Even CNN and BBC are better.


----------



## supermist (Jan 18, 2019)

Was "Emo"crats an accident? It made me chuckle.


----------



## Deleted User (Jan 18, 2019)

They keep saying that they have a smoking gun. Over and over and over again, but still nothing.

It's high time they either put up or shut up, because at this point it's fucking pathetic that they keep whining that Trump won.
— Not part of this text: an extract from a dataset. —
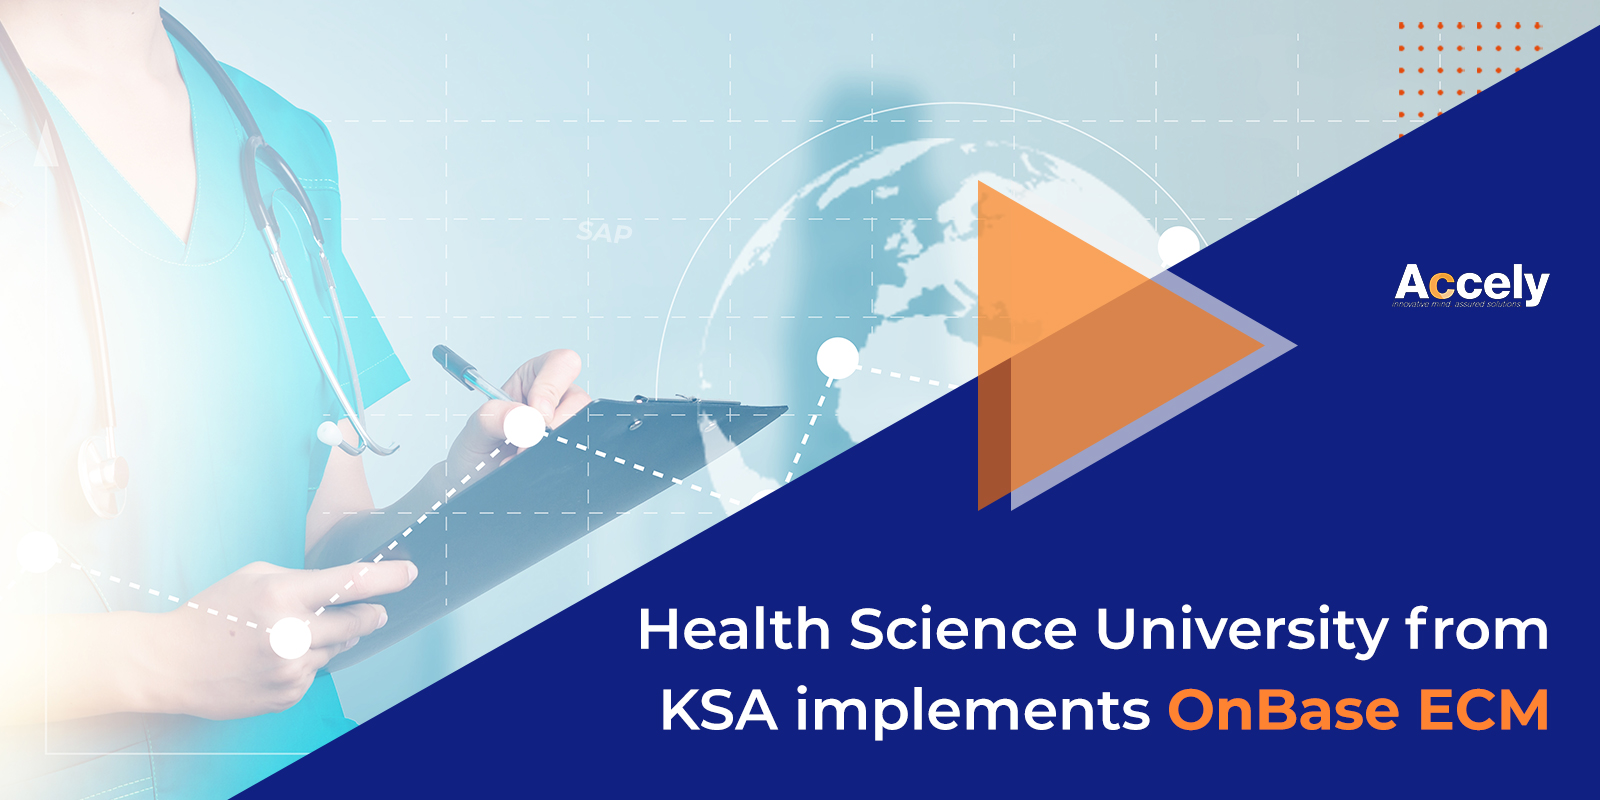 Health Science University from KSA implements OnBase ECM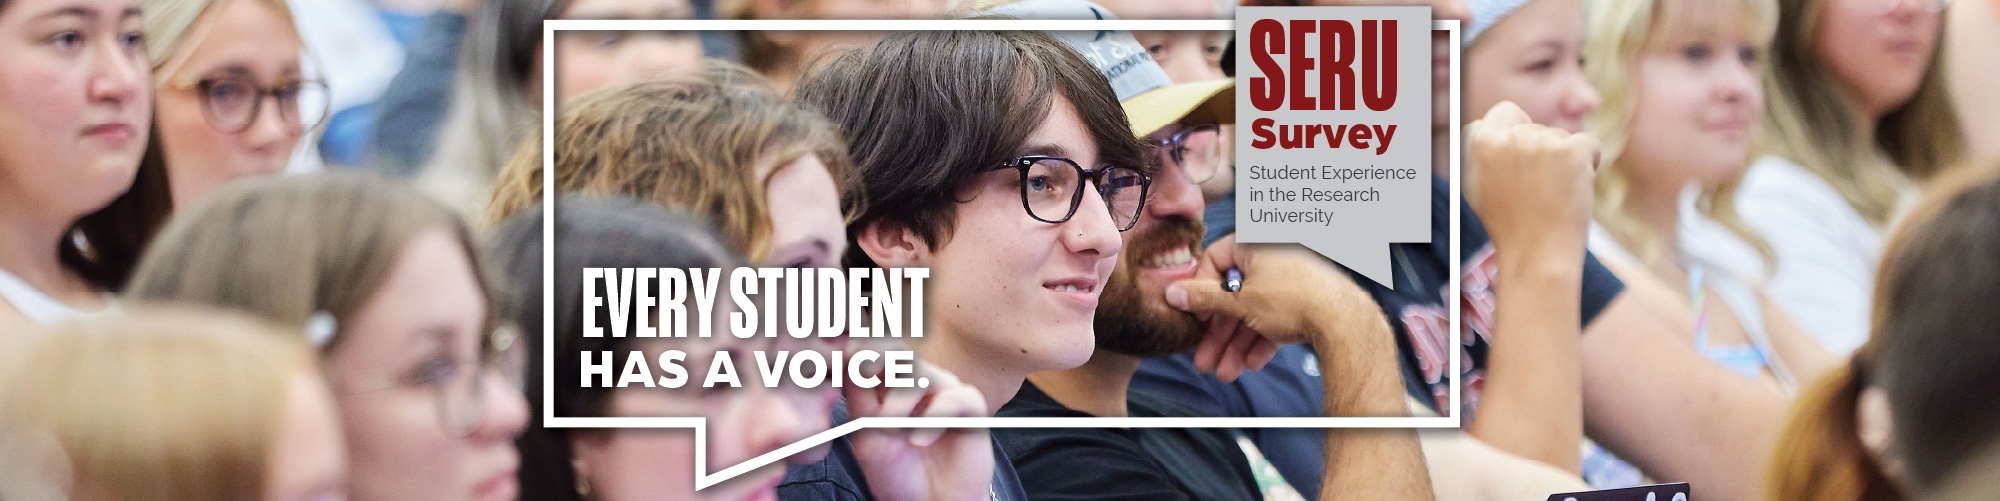 Every student has a voice. ou.edu/seru. SERU Survey, Student Experience in the Research University.

Anyone who doesn't blindly follow liberalism is sick to death of this shite, and will actively vote against the Dems just to spite them, so again:

Put up or shut up.


----------



## supermist (Jan 18, 2019)

Also, this should have been enough to impeach him:
https://www.npr.org/2019/01/16/6859...nt-ignored-emoluments-clause-with-trump-hotel


----------



## Megadriver94 (Jan 18, 2019)

As bad as the Republicans have been shown to be even today, the Democrats are even worse. I hope that by 2035 the 2-party system in the US crumbles. I'd rather vote American Independent or even Libertarian these days.


----------



## supermist (Jan 18, 2019)

Megadriver94 said:


> As bad as the Republicans have been shown to be even today, the Democrats are even worse. I hope that by 2035 the 2-party system in the US crumbles. I'd rather vote American Independent or even Libertarian these days.



Worse how?


----------



## Thunder Hawk (Jan 18, 2019)

Emocrats? xD
Buzzfeed? lol
oRaNgE mAn bAd

Anyway, this is a nothingburger and Trump won't get impeached over this.


----------



## Megadriver94 (Jan 18, 2019)

supermist said:


> Worse how?


1. Often being against just about any kind of border security, be it border walls, putting sentry turrets+armed guards on the Mexican border, etc.
2. Pandering highly to identity politics in many of the states they dominate, not calling out #BLM and Antifa shitbags on their use of violence towards people who don't agree with them.
3. OBSSESSION with weakening the 2nd amendment via the Brady Law and taking advantage of recent school shootings to justify gun control because "muh safety and muh kids" BS.
4. Blatant fucking hypocrisy on things like the Benghazi incident and Obama as to his track record.


----------



## 210modz (Jan 18, 2019)

ahhhhh......The monthly "we got him this time" report. not gonna happen captain. Build the damn wall and throw these dipshits on the other side.


----------



## supermist (Jan 18, 2019)

Megadriver94 said:


> 1. Often being against just about any kind of border security, be it border walls, putting sentry turrets+armed guards on the Mexican border, etc.
> 2. Pandering highly to identity politics in many of the states they dominate, not calling out #BLM and Antifa shitbags on their use of violence towards people who don't agree with them.
> 3. OBSSESSION with weakening the 2nd amendment via the Brady Law and taking advantage of recent school shootings to justify gun control because "muh safety and muh kids" BS.
> 4. Blatant fucking hypocrisy on things like the Benghazi incident and Obama as to his track record.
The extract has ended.